RECORDED INFORMATION: Begin
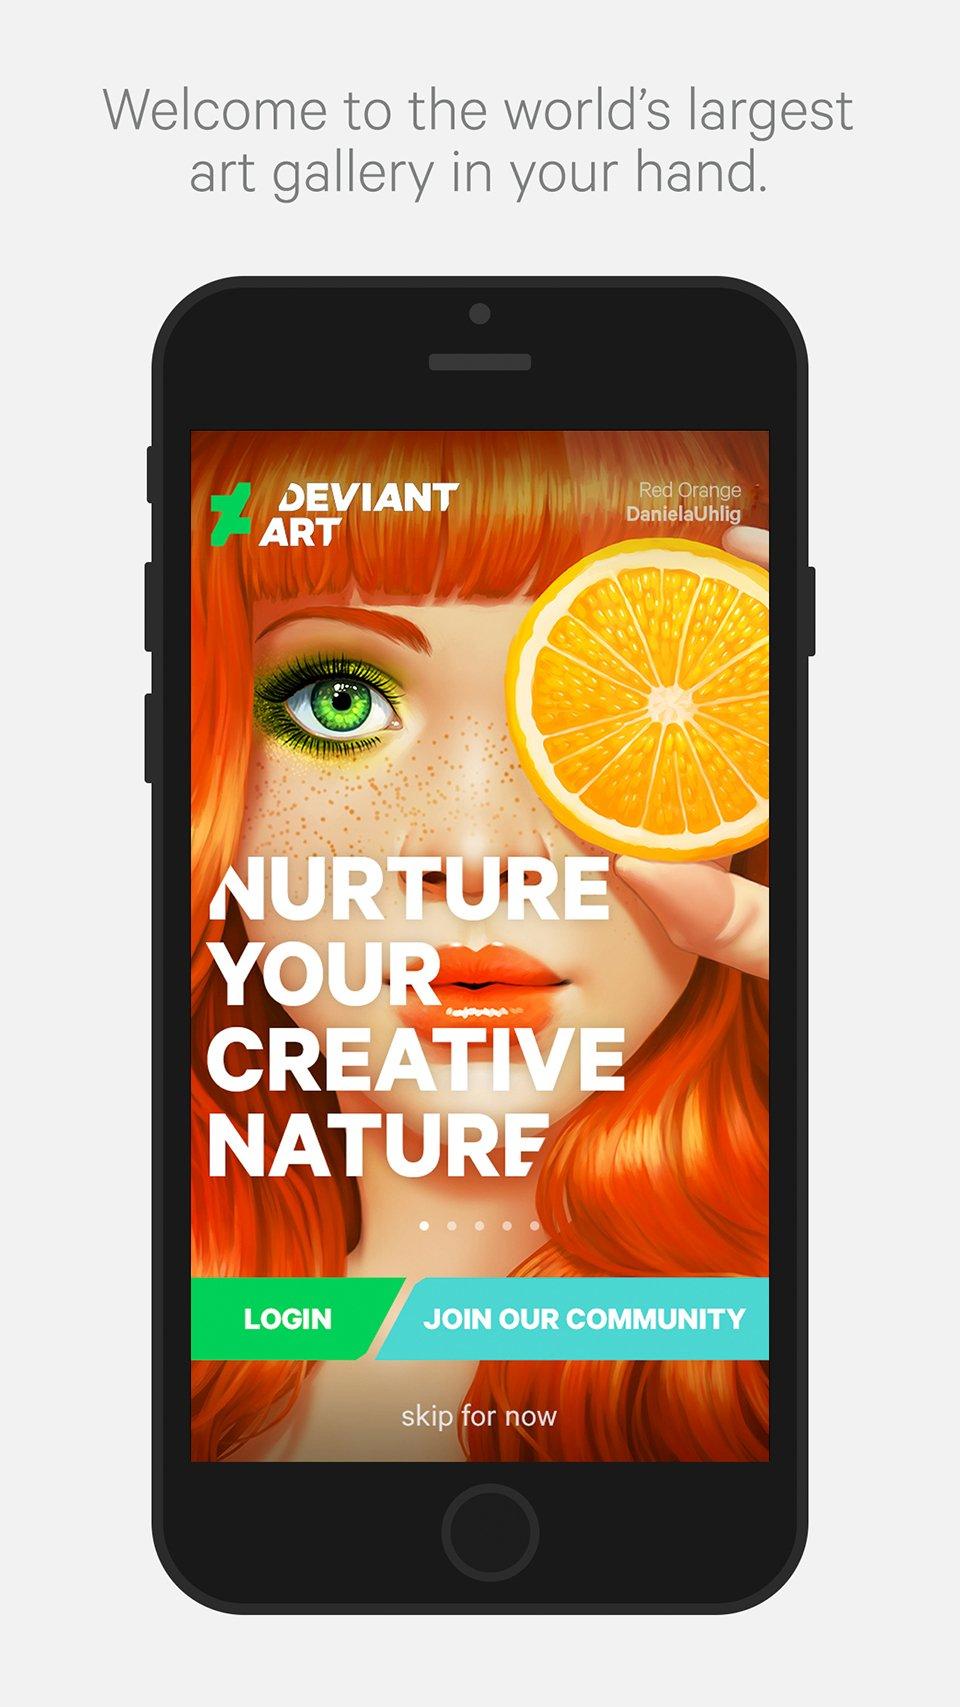 DeviantArt Official Mobile App
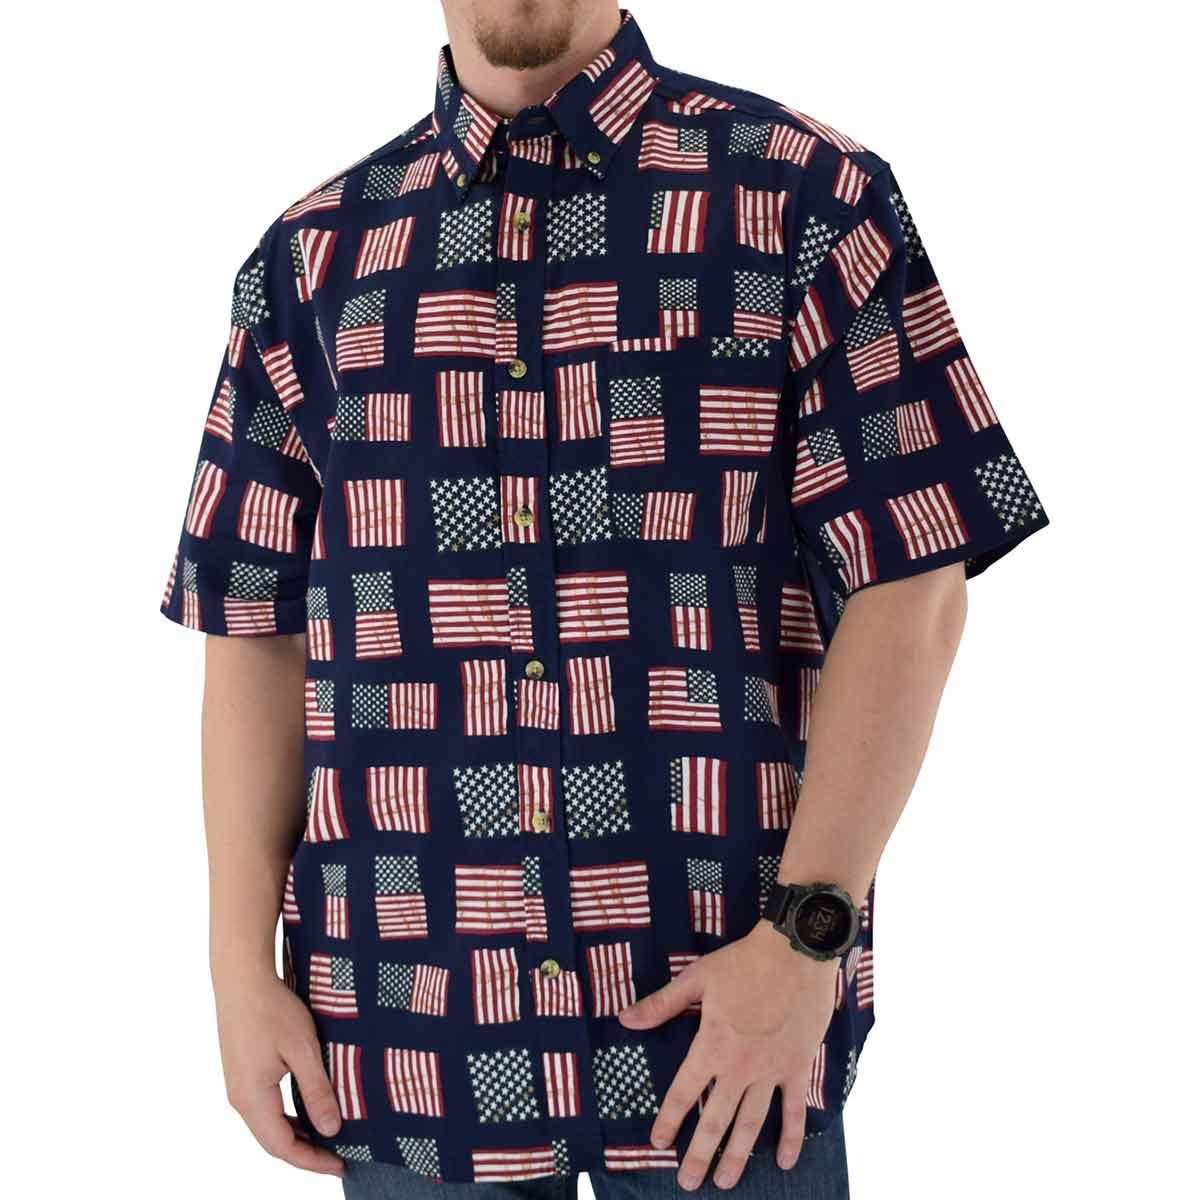 USA Rushmore We The People USA Flag Mens 100/% Cotton Woven Fabric Patriotic Polo Shirt
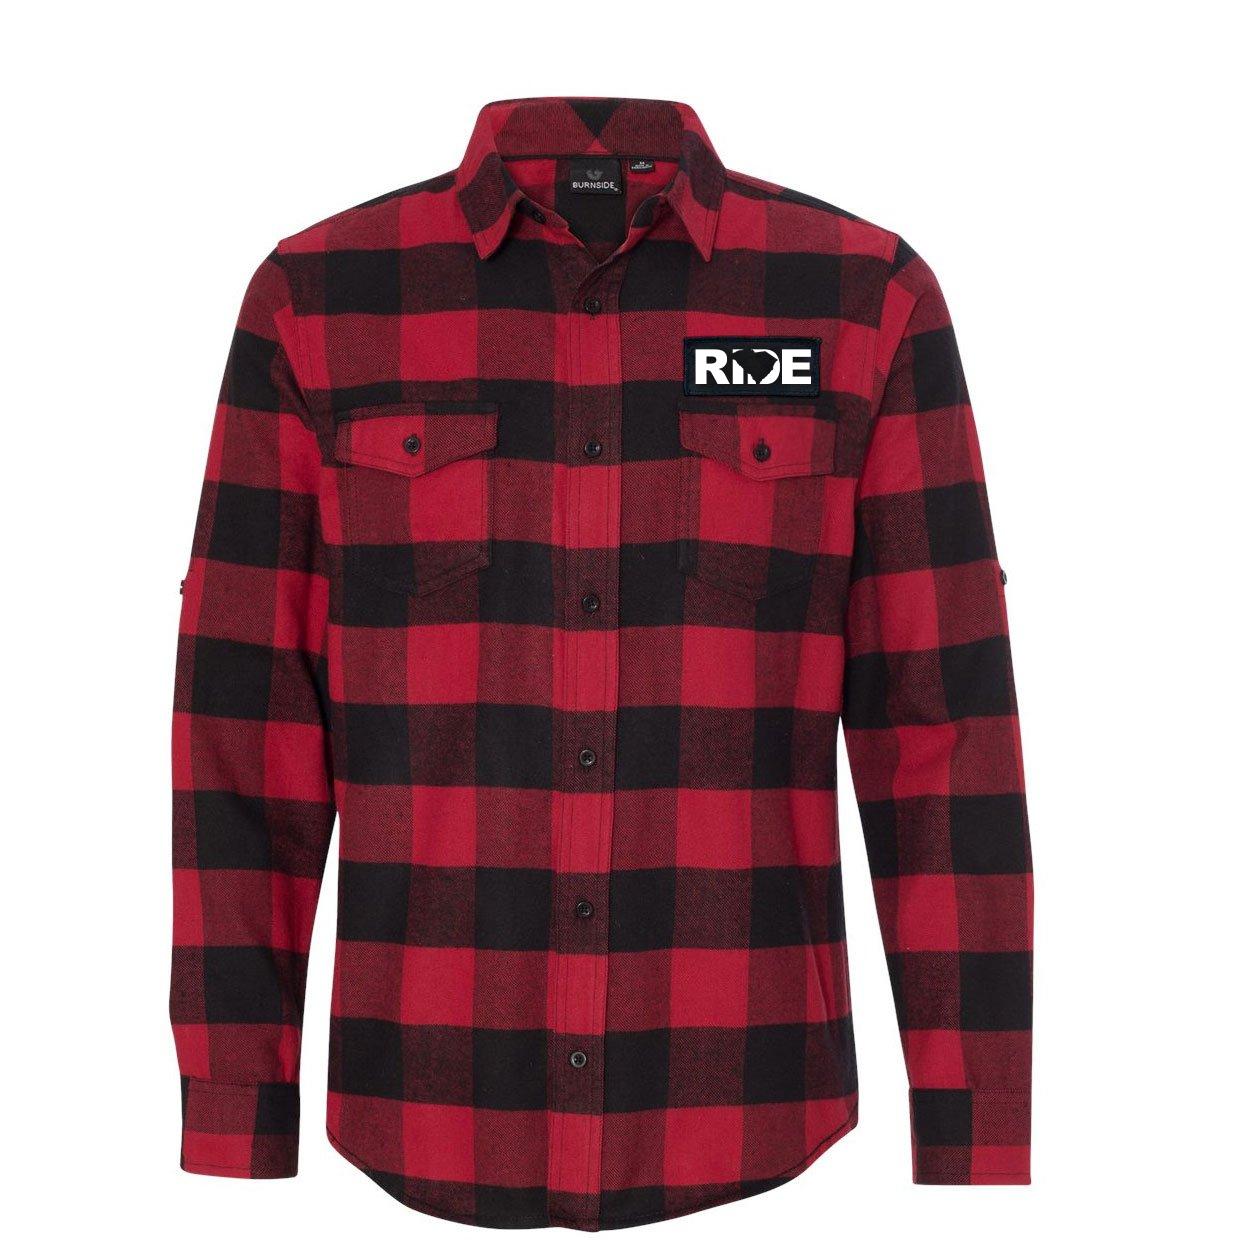 Ride South Carolina Classic Unisex Long Sleeve Woven Patch Flannel Shirt Red/Black Buffalo (White Logo)
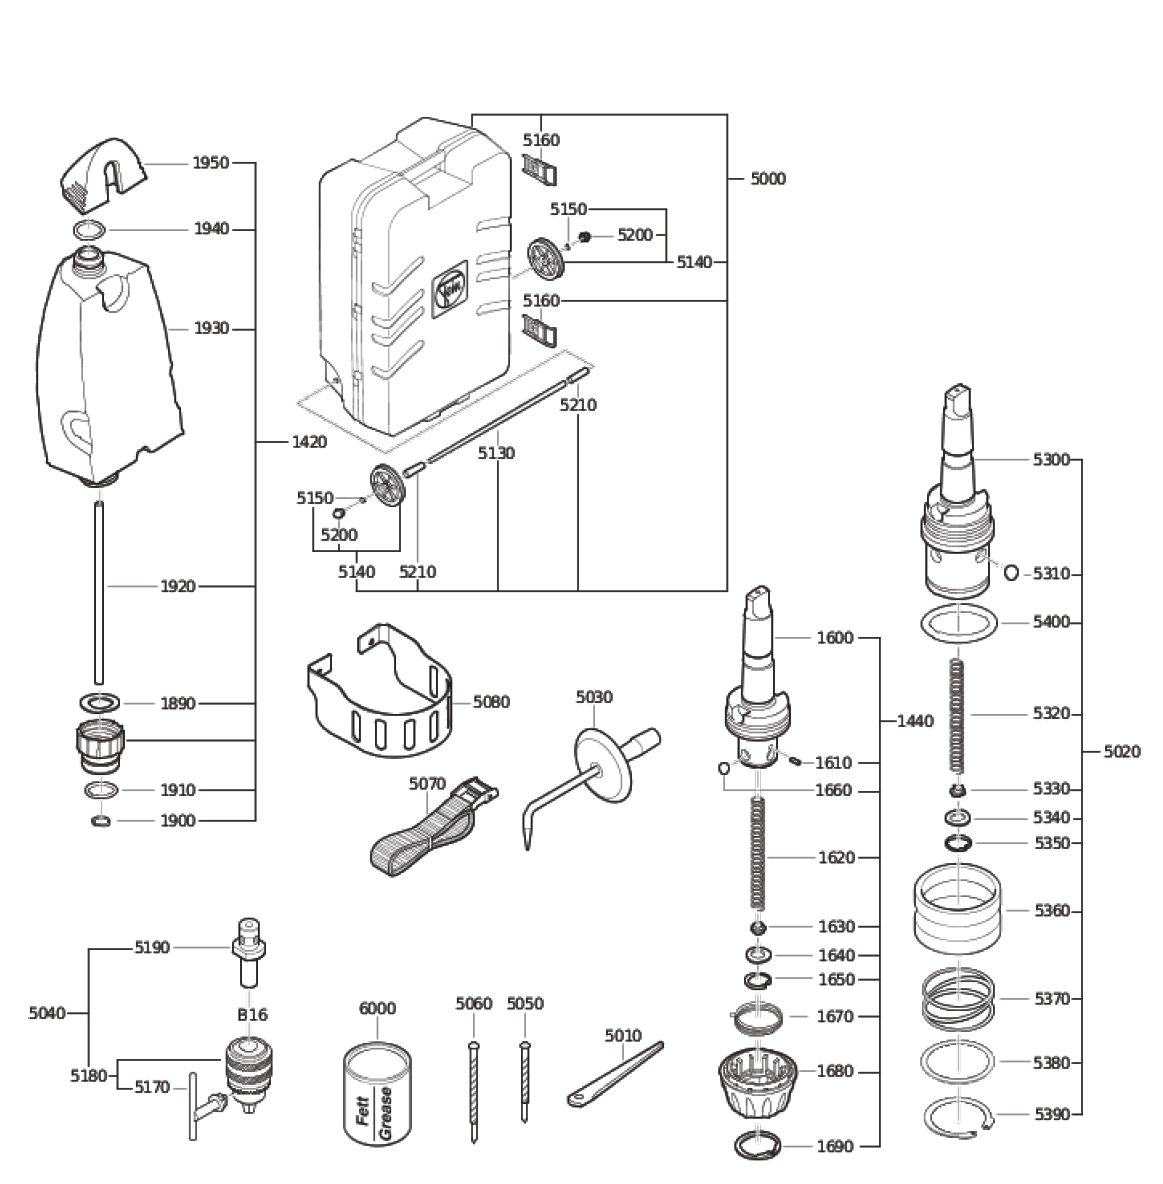 Fein-72703209360-Parts-4013-PBBreak Down
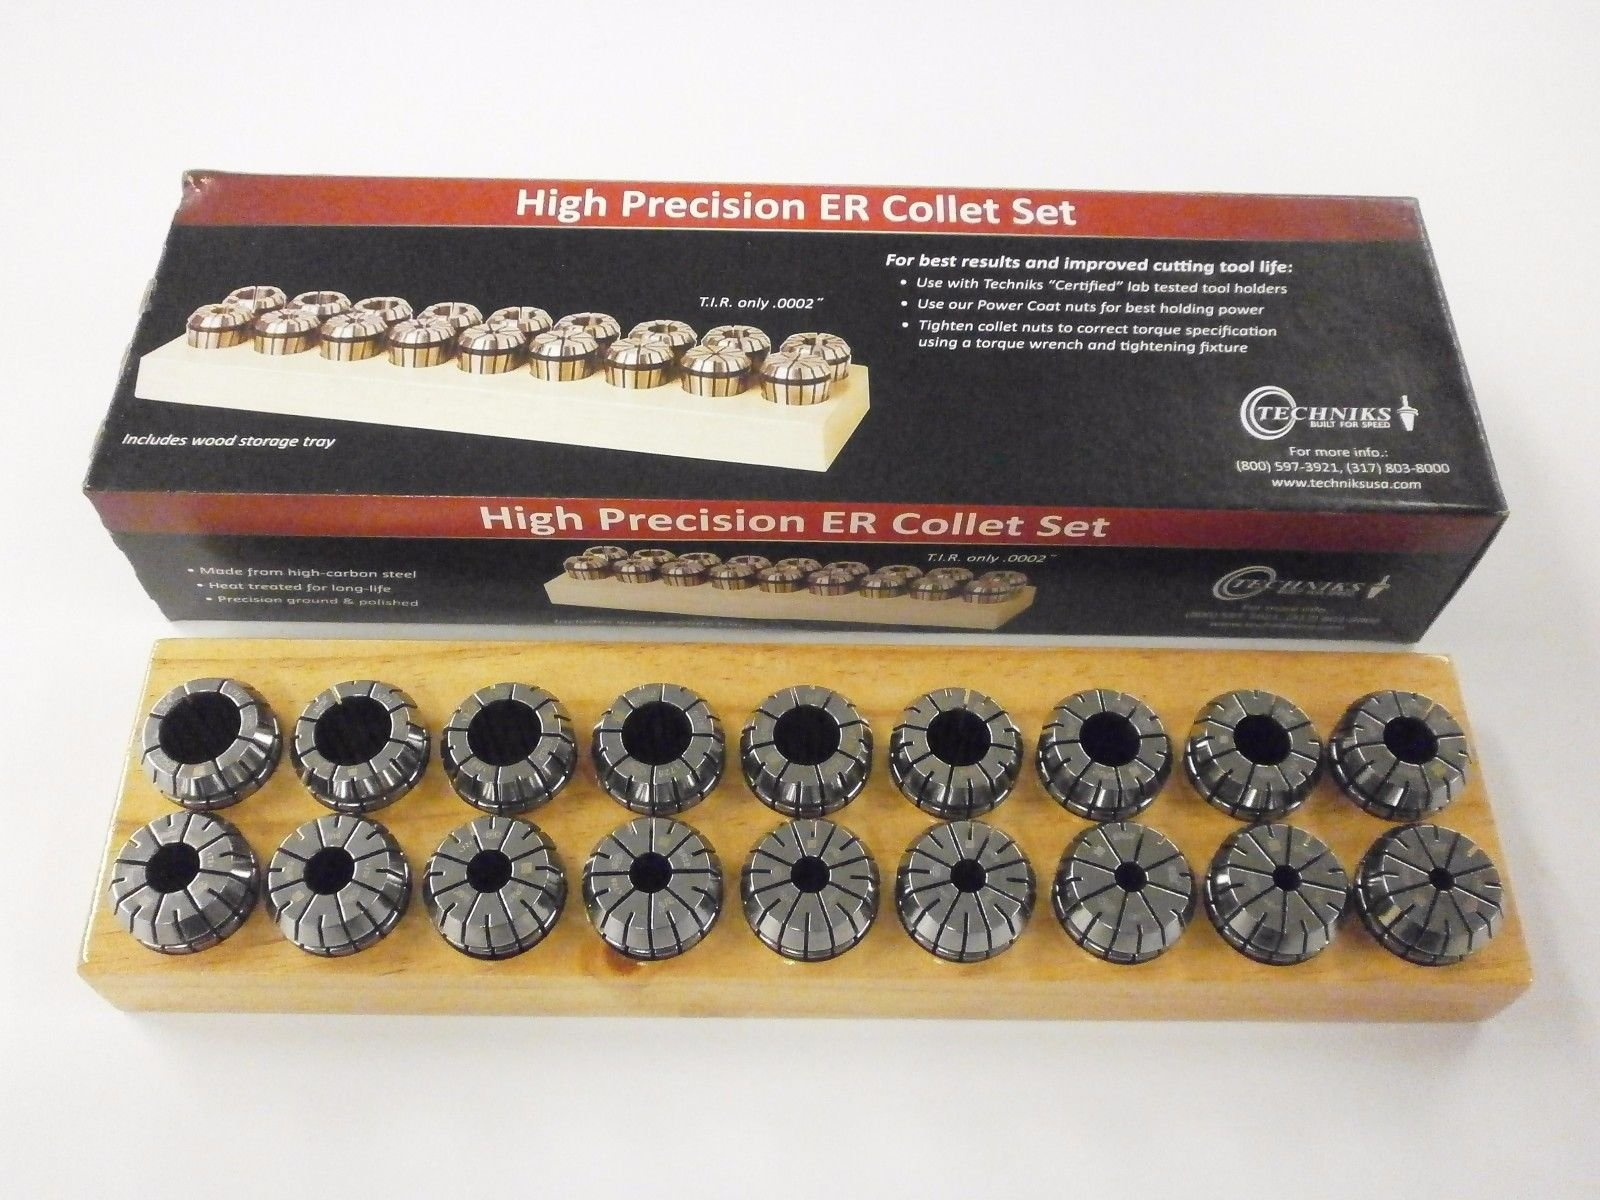 Techniks ER32 Precicion Metric Collet Set 18 Piece -04205MS (3mm - 20mm by 1mm) Average .0002'' TIR, .039'' Collapse Range, CNC Tooling SYIC
RECORDED INFORMATION: End
* WHAT IS BEING ASKED
Leave every picture out. Retype the remaining data exactly.

* RESPONSE BELOW
 DeviantArt Official Mobile App
 USA Rushmore We The People USA Flag Mens 100/% Cotton Woven Fabric Patriotic Polo Shirt
 Ride South Carolina Classic Unisex Long Sleeve Woven Patch Flannel Shirt Red/Black Buffalo (White Logo)
 Fein-72703209360-Parts-4013-PBBreak Down
 Techniks ER32 Precicion Metric Collet Set 18 Piece -04205MS (3mm - 20mm by 1mm) Average .0002'' TIR, .039'' Collapse Range, CNC Tooling SYIC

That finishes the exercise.